Autoantibody and Human Leukocyte Antigen Profiles in Children With Autoimmune Liver Disease and Their First-Degree Relatives

Wang, Pengyun*; Su, Haibin||; Underhill, James*; Blackmore, Laura J.*; Longhi, Maria Serena*; Grammatikopoulos, Tassos; Okokon, Elizabeth Veronica; Davies, Edward T.§; Vergani, Diego*; Mieli-Vergani, Giorgina; Ma, Yun*

Journal of Pediatric Gastroenterology & Nutrition: April 2014 - Volume 58 - Issue 4 - p 457–462
doi: 10.1097/MPG.0000000000000245
Original Articles: Hepatology and Nutrition

Objective: Familial clustering of juvenile autoimmune liver disease (AILD), including autoimmune hepatitis and autoimmune sclerosing cholangitis (ASC), is rare, despite a high prevalence of autoimmune disorders in AILD families.

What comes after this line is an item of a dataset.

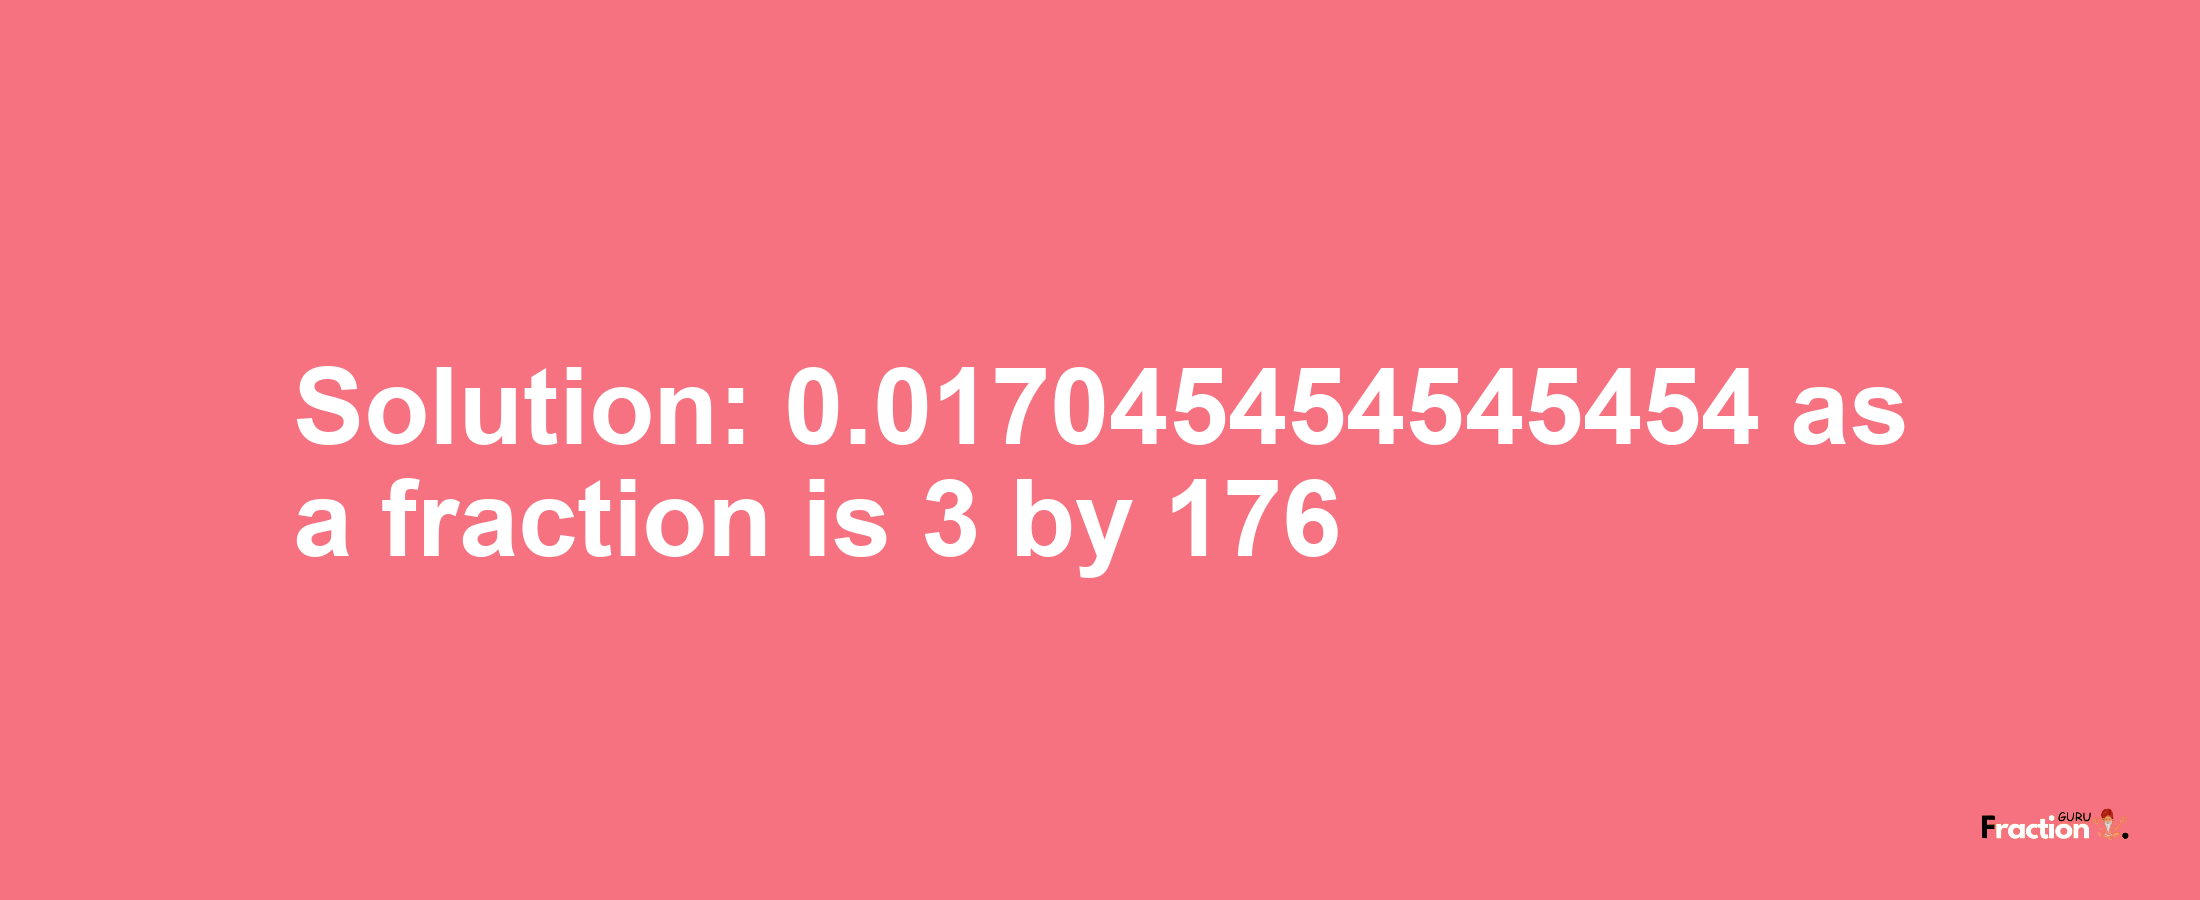 Solution:0.017045454545454 as a fraction is 3/176

Methods: To investigate this discrepancy, we measured autoantibodies diagnostic for AILD, anti-nuclear, anti-smooth muscle, anti-liver kidney microsomal type 1, anti-liver cytosol type 1, and anti-soluble liver antigen antibodies, and human leukocyte antigen profiles in 31 patients and 65 of their first-degree relatives (FDR). The autoantibody profile was compared with that of 42 healthy subjects (HS).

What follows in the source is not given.